Today I met some friends for lunch in Manchester, catching up on the news. One of them told us about her holiday in Crete that went haywire when her daughter's foot slipped off a raised kerbstone, resulting in a broken leg. The struggle she went through to get her daughter back to the UK - involving a travel insurance company that would pay for the daughter to travel home on a scheduled flight instead of a budget airline flight but would not pay for someone to accompany her - was the stuff of nightmares. My friend forked out for her own flight, while her husband and her daughter's husband took home on the budget airline flight. Her tales of the shambolic attempts by airline staff to locate a suitable wheelchair in Heathrow airport would be funny if they were in a film instead of in real life. The whole thing makes our frustration at having our Monarch airline flights to Portugal at the end of this month pale into insignificance.
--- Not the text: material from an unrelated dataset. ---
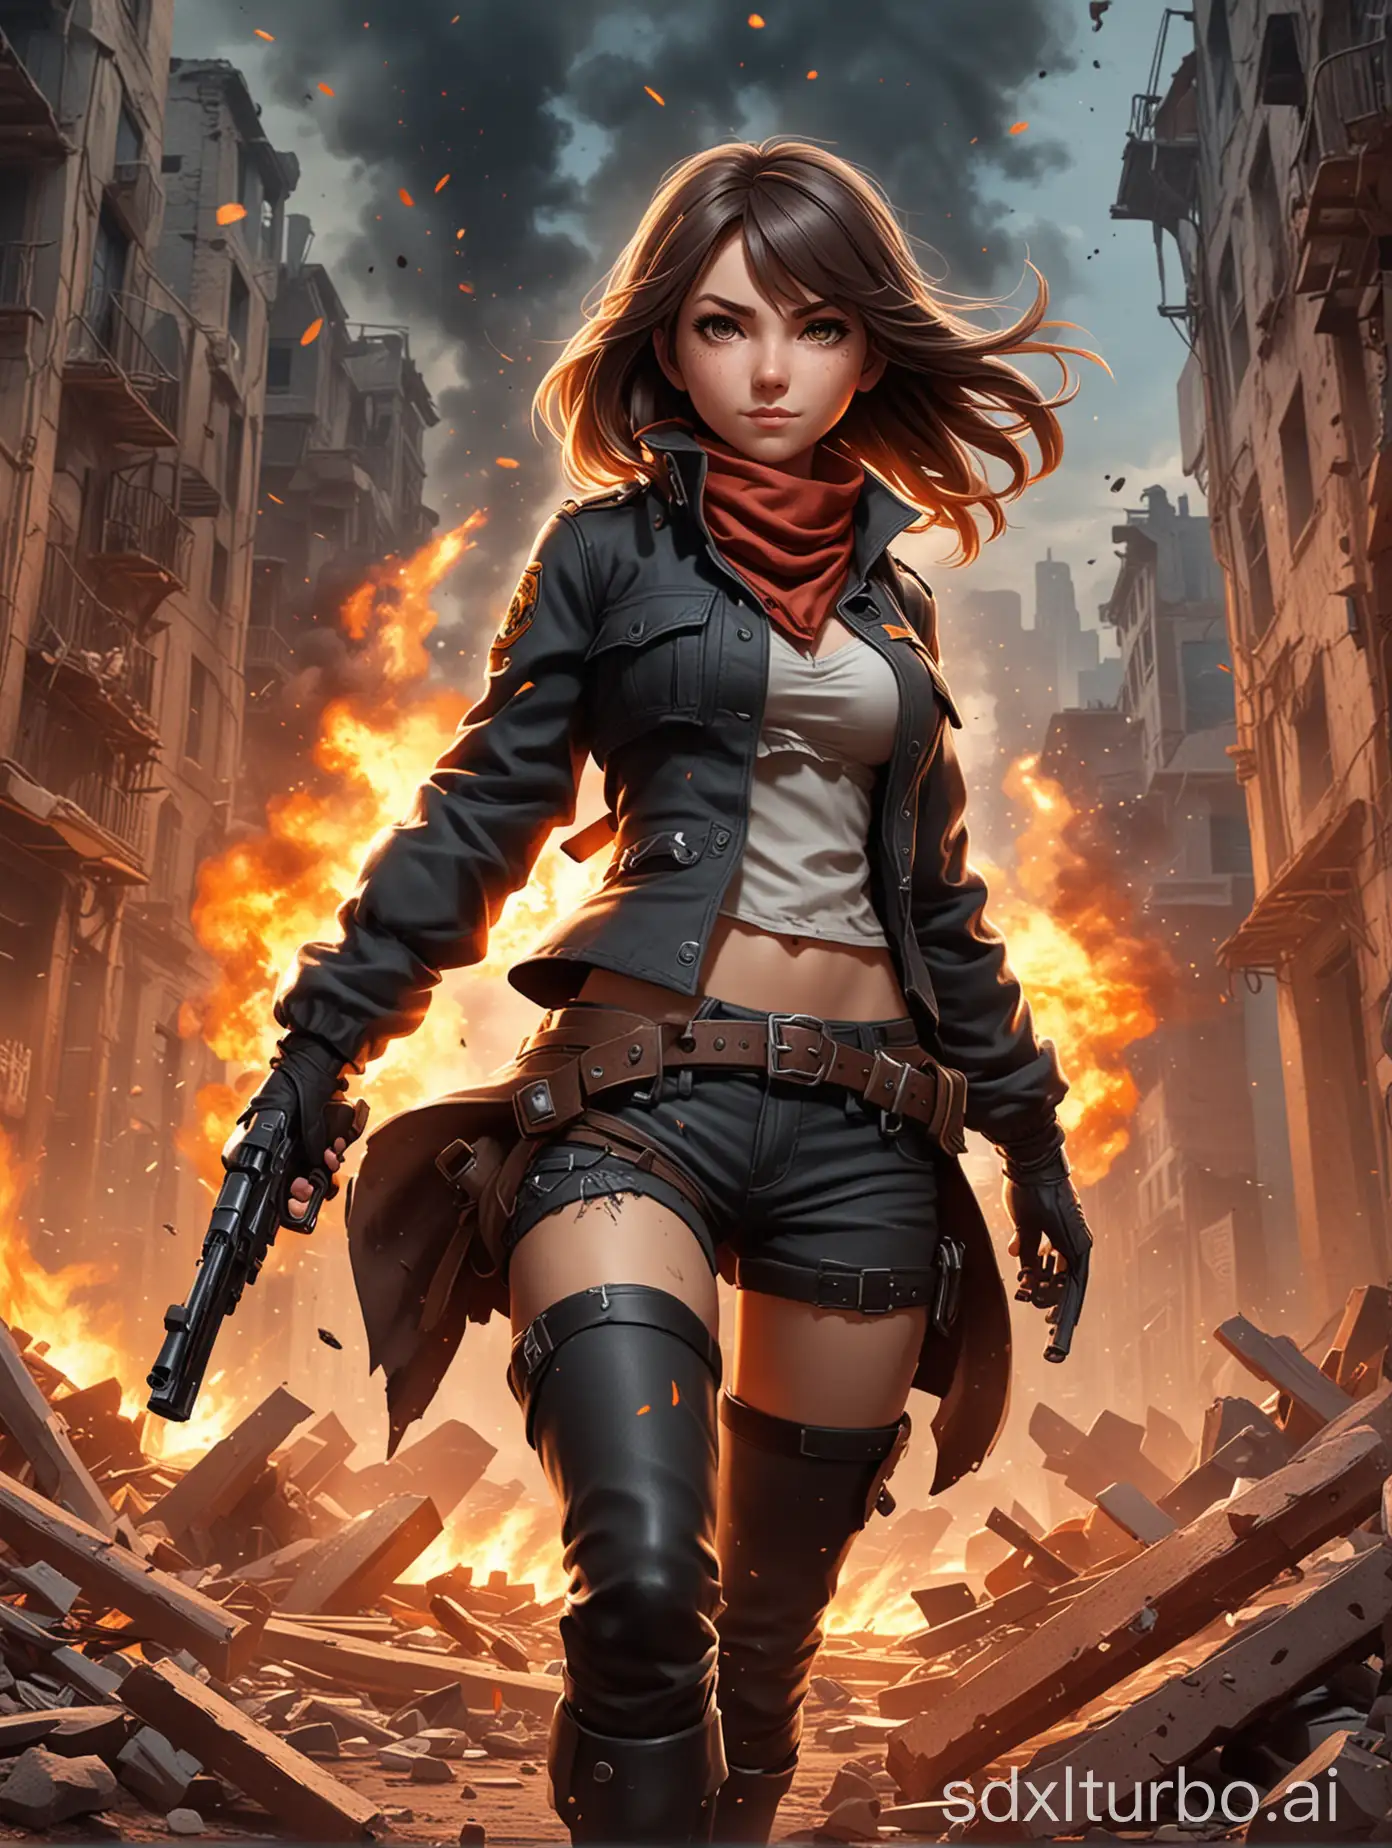 Create a battle action game style poster that showcases a cute anime girl Gunslinger with a dynamic full body rendering. Her revolver fires and she flies through the fiery rubble.

As if that were not bad enough on its own, six weeks or so before the holiday fiasco, my friend's daughter and grandchildren had narrowly escaped being blown up by the Manchester Arena bomb. They were physically fine but somewhat traumatised. The oldest grandchild, ten and a half, had some difficulty going back to Victoria Station. She still hasn't talked about it. Her sister, three years younger, wrote in her diary, "There was a bomb. Ariana was not hurt." No mention of her mother or siblings! What a difference a few years make!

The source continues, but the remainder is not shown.